2. Eval Studio: Evaluate LLM Applications for security, privacy, and reliability
- Comprehensive Analysis: Thoroughly assess your LLM application for hallucinations, toxicity, out-of-context responses, PII data leaks, and prompt injections.
- Insightful Feedback: Gain valuable insights to refine your application.
- Comparative Analysis: Effortlessly compare different LLM apps and versions.
- Customization: Test the impact on performance of prompts, LLMs, hyperparameters, etc.
Installation
pip install lighthouz
Quick Usage
Initialization
from lighthouz import Lighthouz
LH = Lighthouz("lighthouz_api_key") # replace with your lighthouz api key
AutoBench: Create custom benchmarks
To generate a benchmark, use the generate_benchmark function under the Benchmark class.
This generates and stores a benchmark spanning benchmark_category categories. The benchmark is a collection of unit tests, called Prompt Unit Tests.

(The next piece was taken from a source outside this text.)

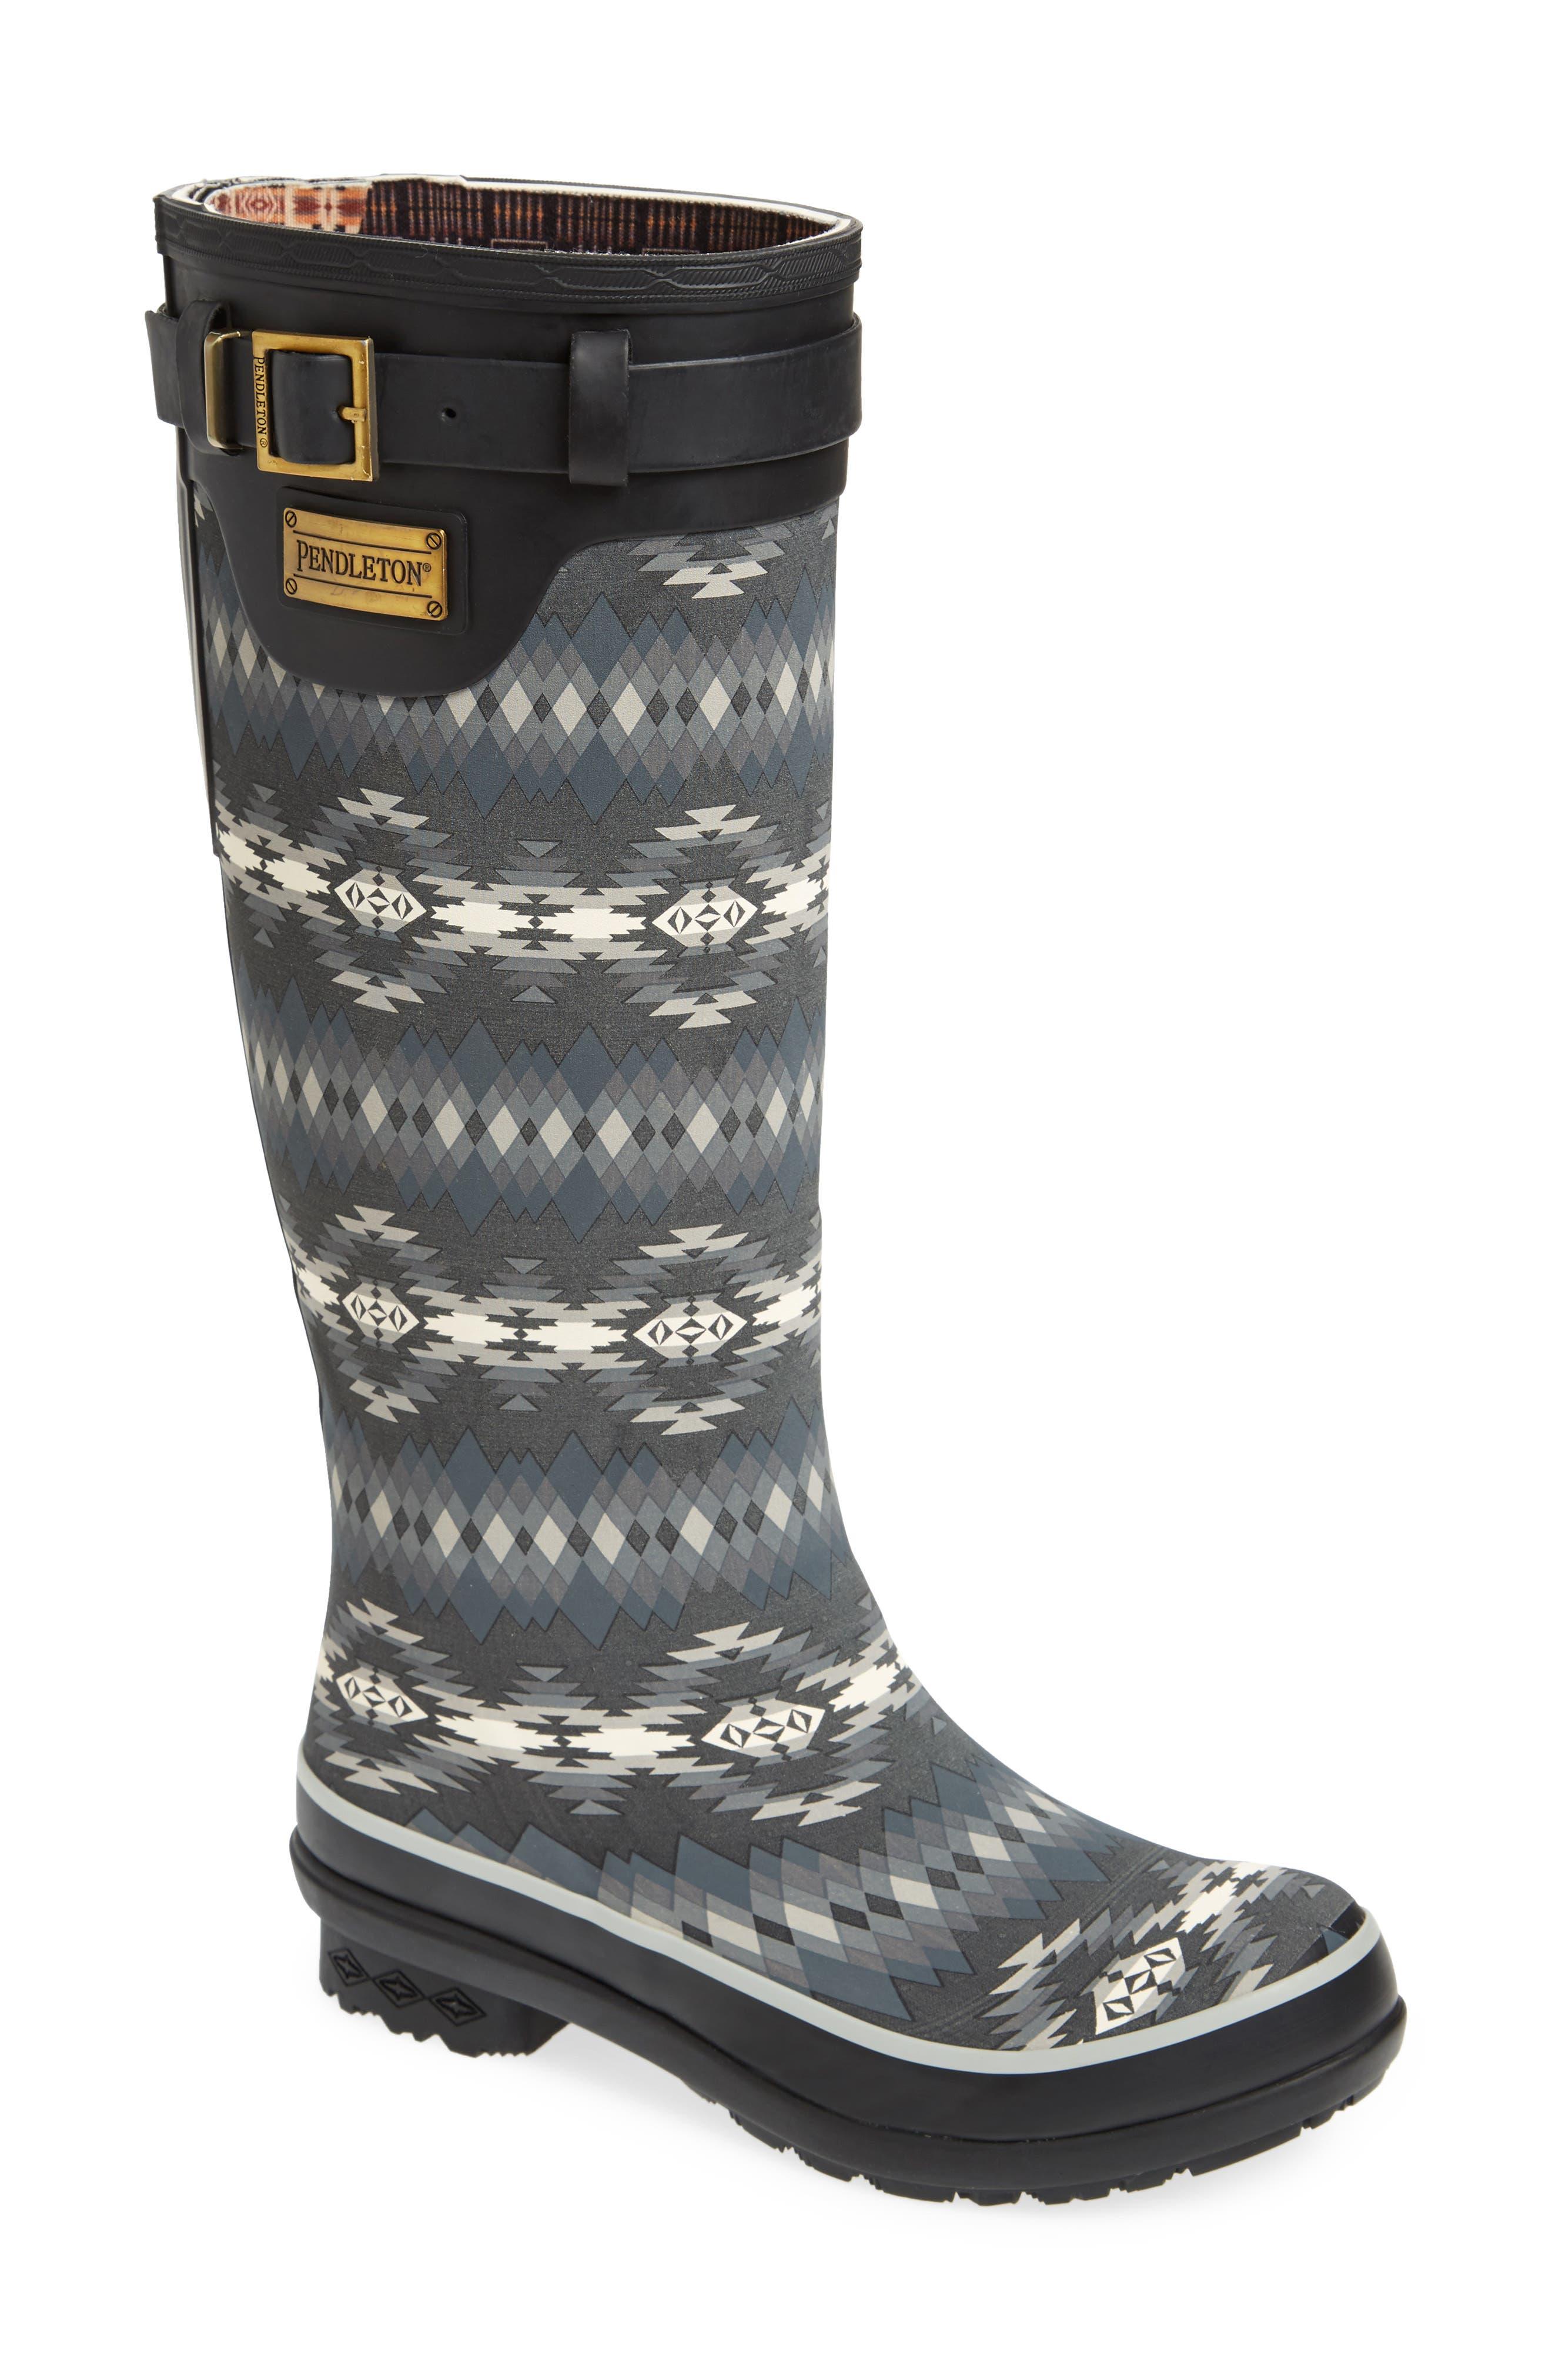 Alternate Image 1 Selected - Pendleton Papago Park Tall Rain Boot (Women)

Each unit test contains an input prompt, an expected response (if applicable), context (if applicable), and corresponding file name (if applicable).
from lighthouz.benchmark import Benchmark
lh_benchmark = Benchmark(LH) # LH: Lighthouz instance initialized with Lighthouz API key
benchmark_data = lh_benchmark.generate_benchmark(
file_path="pdf_file_path",
benchmark_categories=["rag_benchmark", "out_of_context", "prompt_injection", "pii_leak"]
)
benchmark_id = benchmark_data.get("benchmark_id")
print(benchmark_id)
The possible benchmark_categories
options are:
- "rag_benchmark": this creates two hallucination benchmarks, namely Hallucination: direct questions and Hallucination: indirect questions.
- "out_of_context": this benchmark contains out-of-context prompts to test whether the LLM app responds to irrelevant queries.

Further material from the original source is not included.